Output, word for word, the line that contains "Valentine'S Day Gift" and all lines following it to the end of the listing. Drop the pictures.

» Data below:
——————

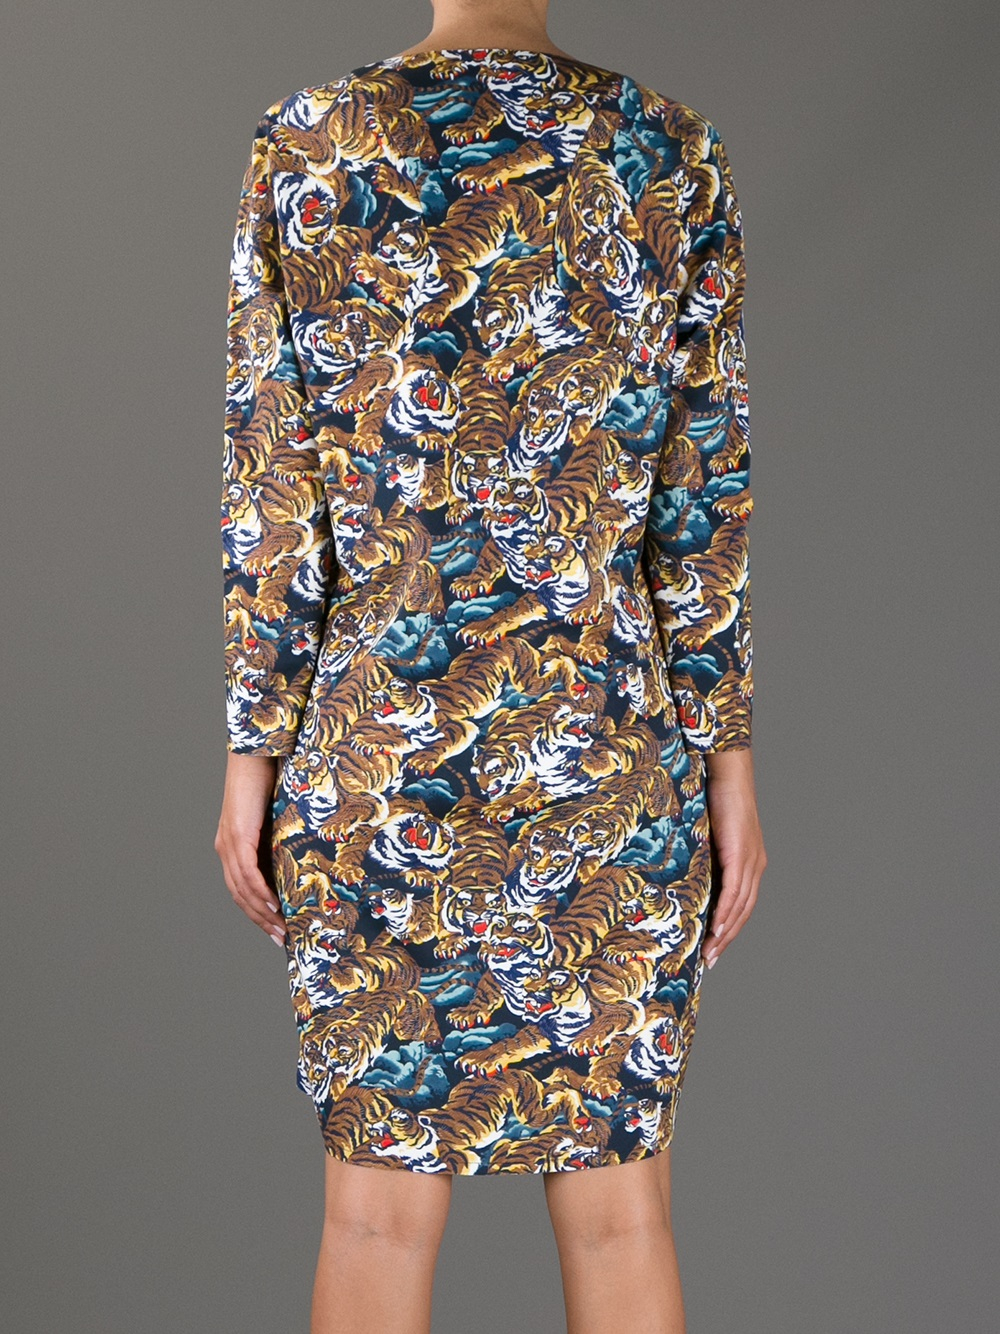 KENZO Tiger Print Dress - Lyst
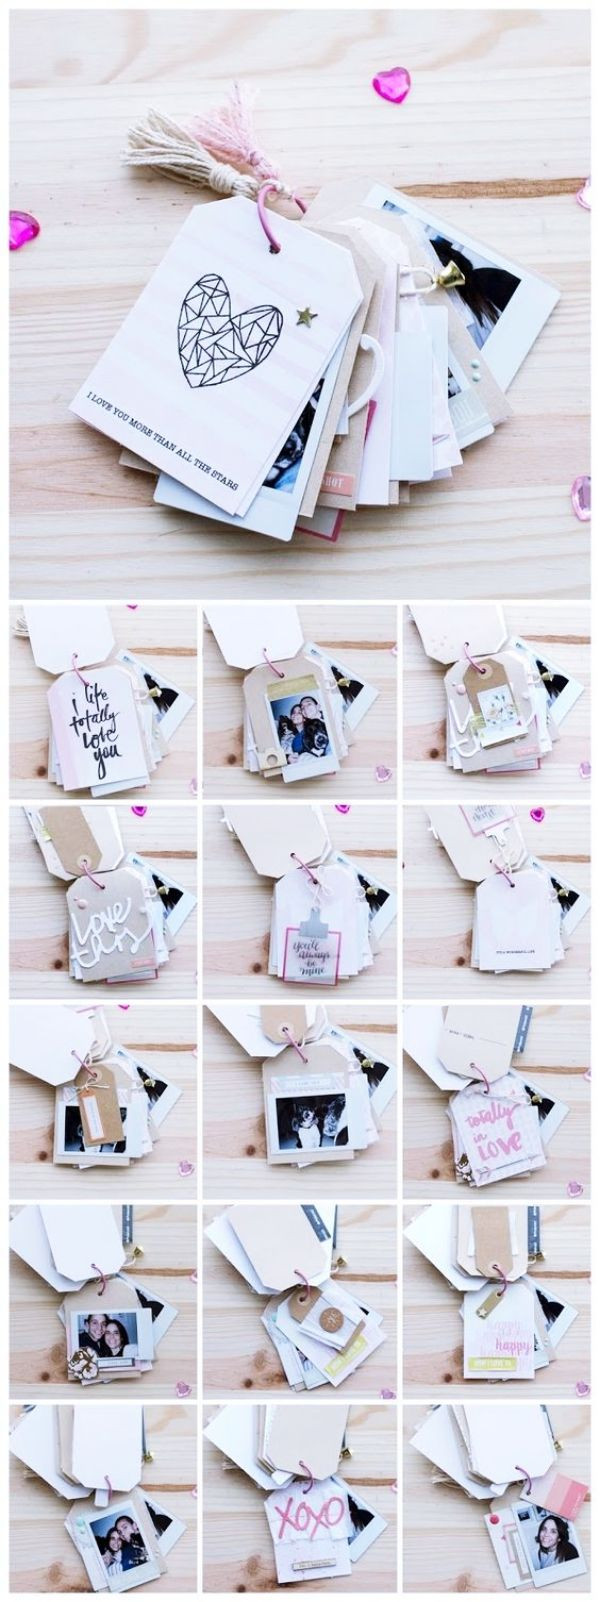 Valentine'S Day Gift Ideas For Boyfriend Homemade
 35 Homemade Valentine’s Day Gift Ideas for Him

——————

» Problem solution:
 Valentine'S Day Gift Ideas For Boyfriend Homemade
 35 Homemade Valentine’s Day Gift Ideas for Him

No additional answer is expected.